Pic 7: Part of a section on scribes and writing, Mexicolore schools workshop
Pic 7: Part of a section on scribes and writing, Mexicolore schools workshop (Click on image to enlarge)

The days listed in the margin of the page do represent an entire group of twenty days, or a Mesoamerican “month” (4x5 = 20); at the same time their awkward numbering, with the first days of each group always associated with the number 1 and not with the number of their actual position, alludes to a much wider time span, since they correspond to the initial days of cycles of 13 “Venusian” years of 584 days each. The whole second section of Codex Cospi thus covers a period of 5 cycles of 13 Venusian years (5x13x584 = 37,960), precisely corresponding to 104 solar years (104x365 = 37,960), that is to two cycles of 52 years, a time span that the Nahuas called xiuhmolpilli (“Bundle of Years”) and that can be described as a Mesoamerican “century”.
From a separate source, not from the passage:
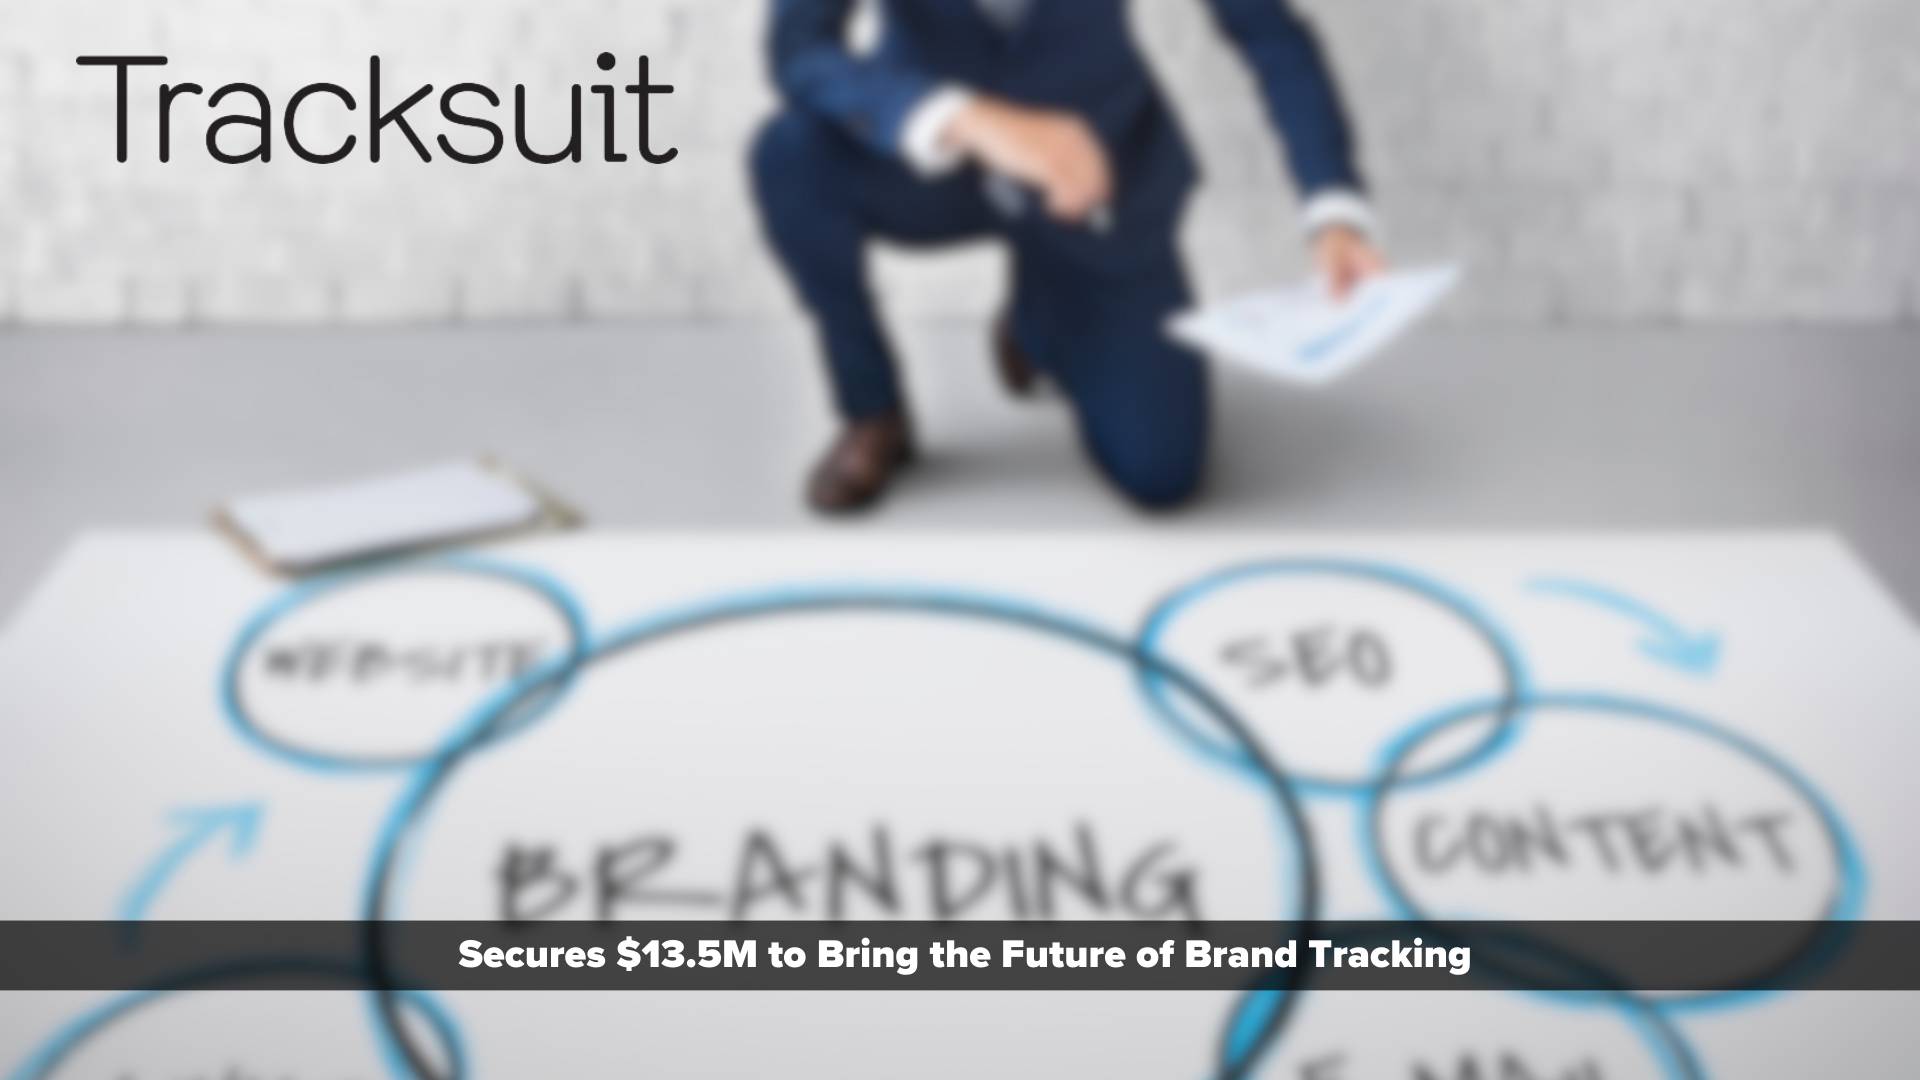 Tracksuit Secures $13.5M to Bring the Future of Brand Tracking to Growing Consumer Brands
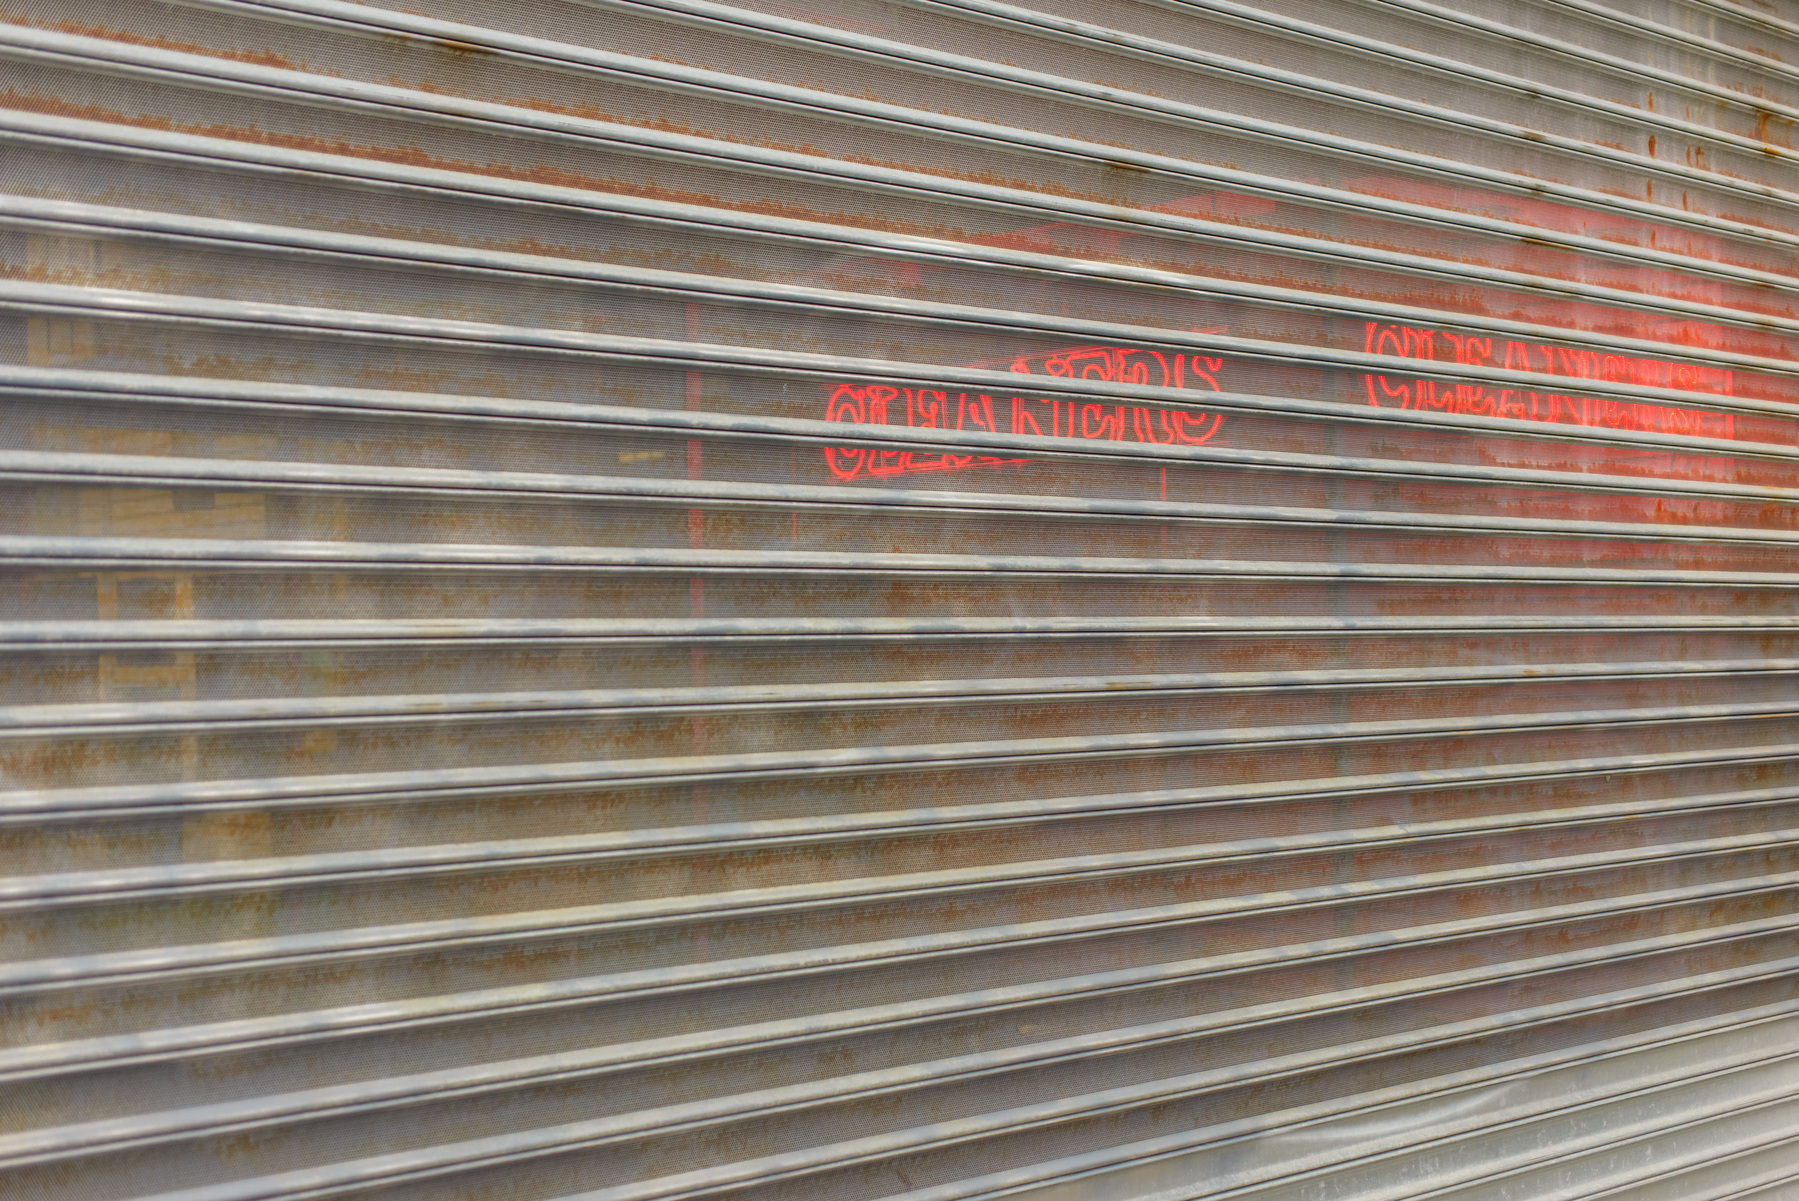 perforated security grille gate with neon “cleaners” signs shining through on the right side

Pic 8: The final 2-page section (obverse) of the Codex Cospi (facsimile)
Pic 8: The final 2-page section (obverse) of the Codex Cospi (facsimile) (Click on image to enlarge)

The third and last section of the obverse contains images of four gods burning incense in front of four temples (pic 8), indicating specific omens for the twenty days listed in the margin of the page. The reading order is from top to bottom on page 12 and from bottom to top on page 13, thus following the usual cardinal order. To the East, the Sun God Tonatiuh burns precious incense in front of a temple containing an elegant bird, probably a quetzal (good omen); to the North, the blind Itzlacoliuhqui “Bent Obsidian Knife”, God of Cold, burns incense toward a temple containing a deadly owl with a smoke column inscribed with the glyphs for Stone and Wood, a common Mesoamerican metaphor for castigation; to the West, the Maize God Cinteotl burns precious incense toward a temple with a quetzal (good omen); to the South, the Death God Mictlantecuhtli burns incense in front of a skeletonized temple containing an owl and a smoke band inscribed with human skulls (bad omen).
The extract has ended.